_WORK ITEM:_
When you return the data, keep every line exactly as it is and leave out the pictures.

==== DATA BELOW

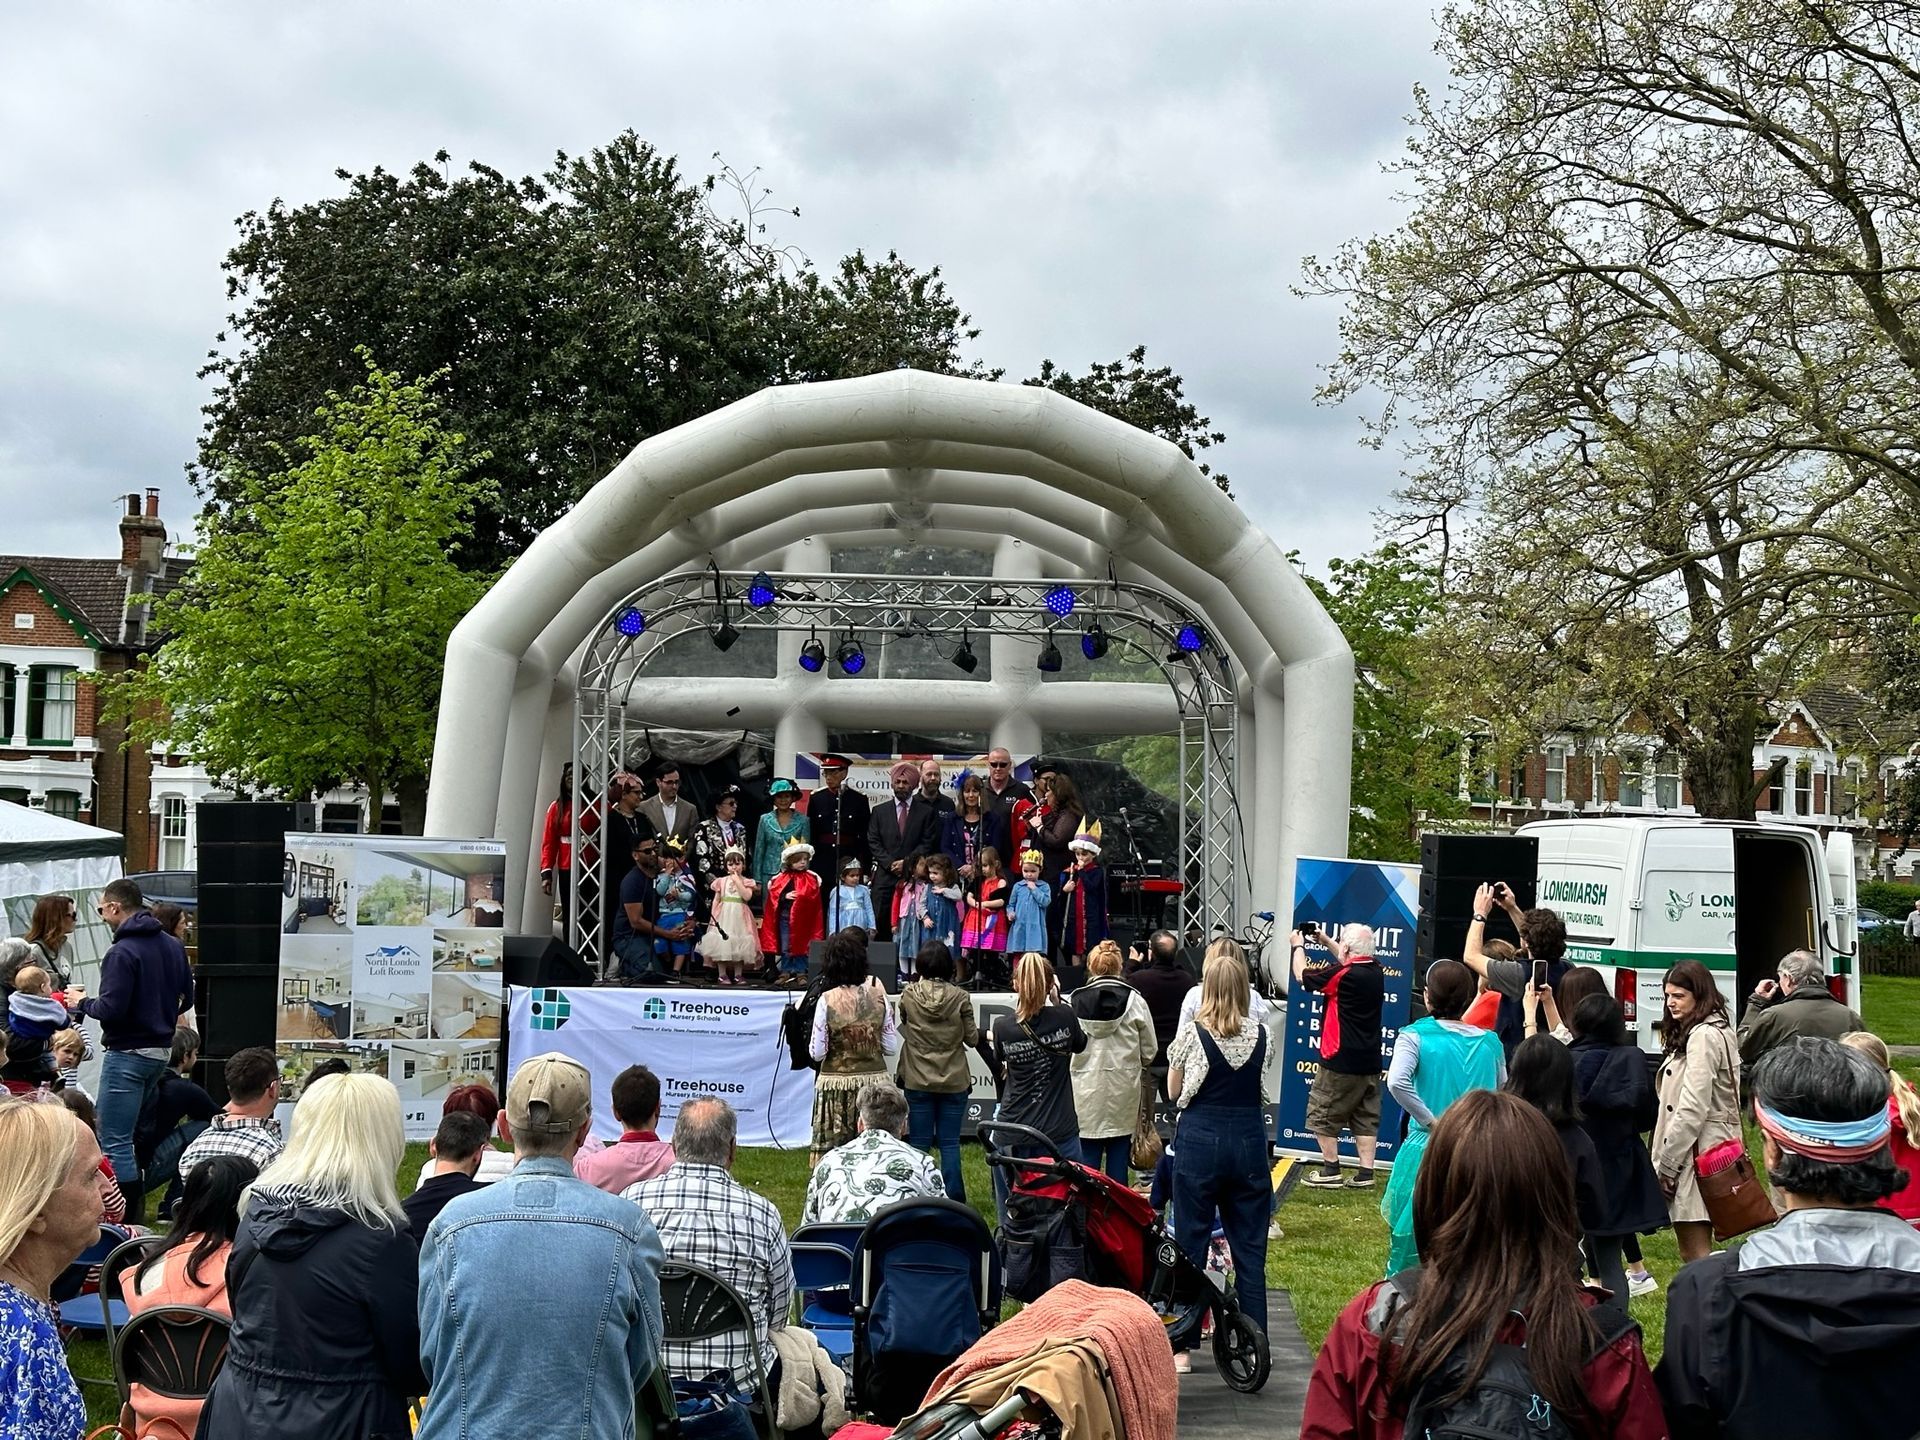 Inflatable roof trailer stage with a children's choir performing on it and a large audience in front.
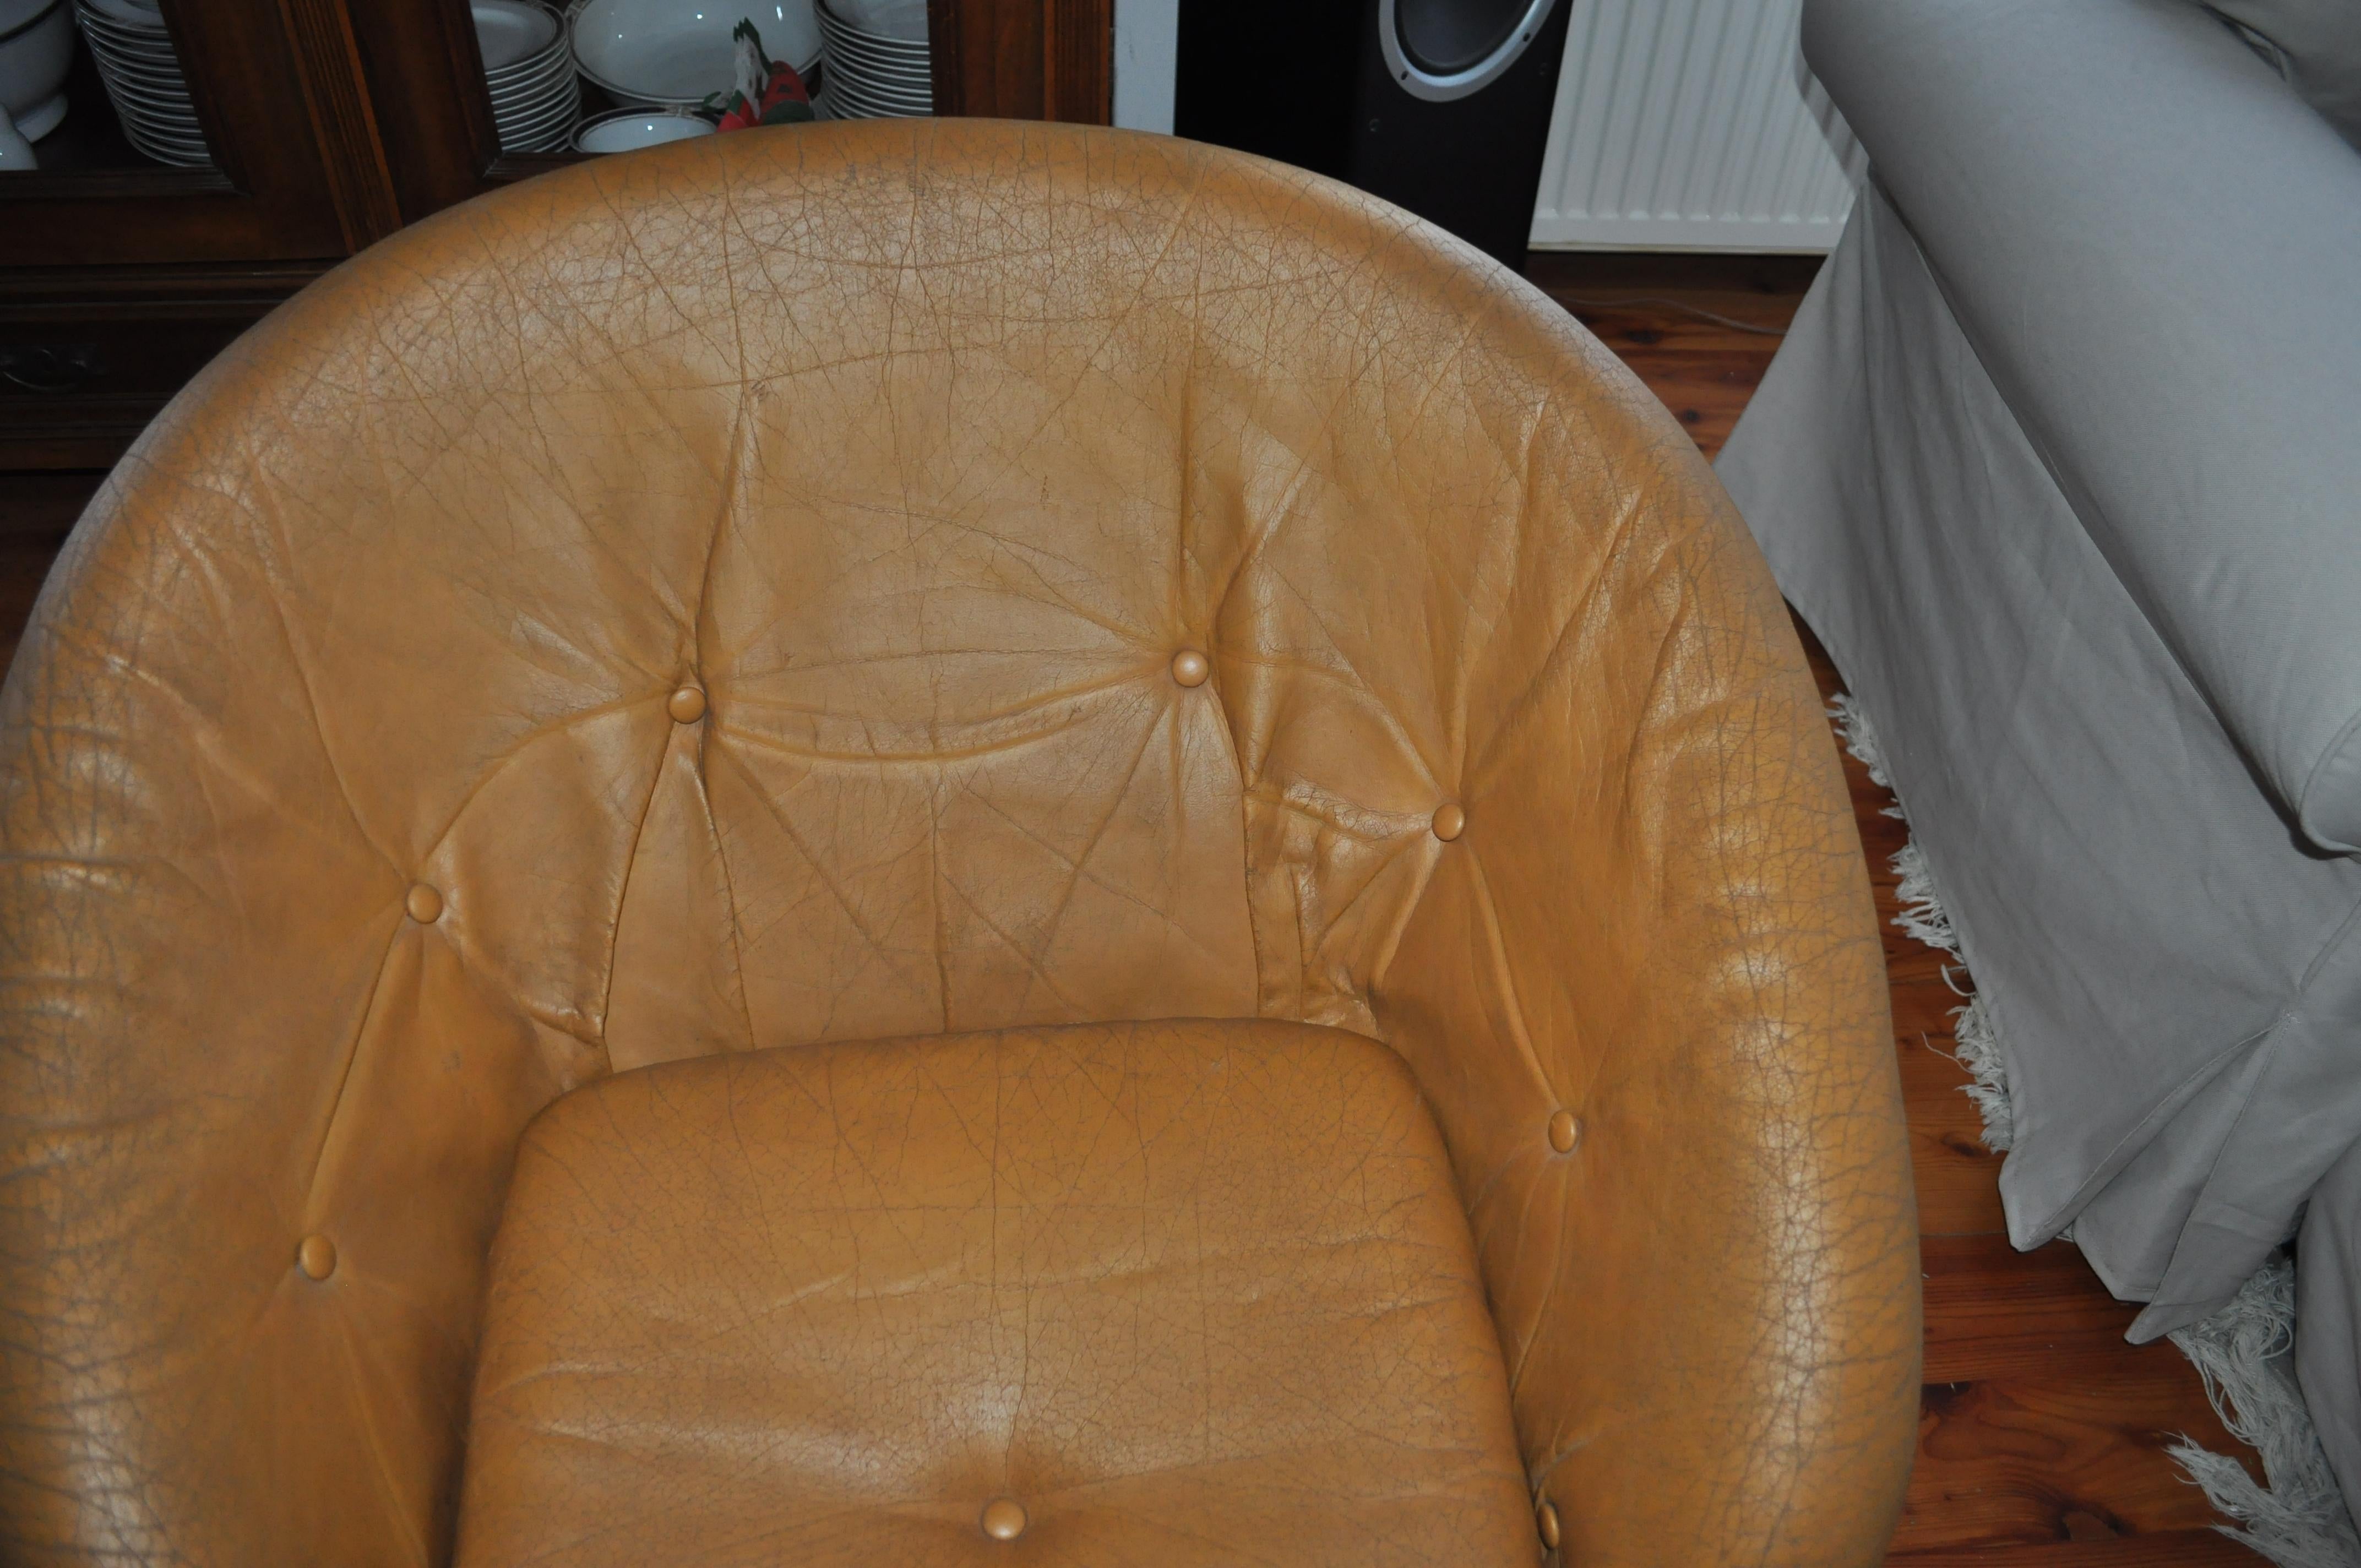 This ivory plastic club chair was designed by Raphael Raffel (Rafael), France, 1970s
Ivory fiberglass resin club chairs designed by Raphael Raffel (known as Raphaël), France, 1970s in tulip style. Original brown leatherette upholstery. Seat and

========

_TASK RESPONSE:_
 Inflatable roof trailer stage with a children's choir performing on it and a large audience in front.
 This ivory plastic club chair was designed by Raphael Raffel (Rafael), France, 1970s
Ivory fiberglass resin club chairs designed by Raphael Raffel (known as Raphaël), France, 1970s in tulip style. Original brown leatherette upholstery. Seat and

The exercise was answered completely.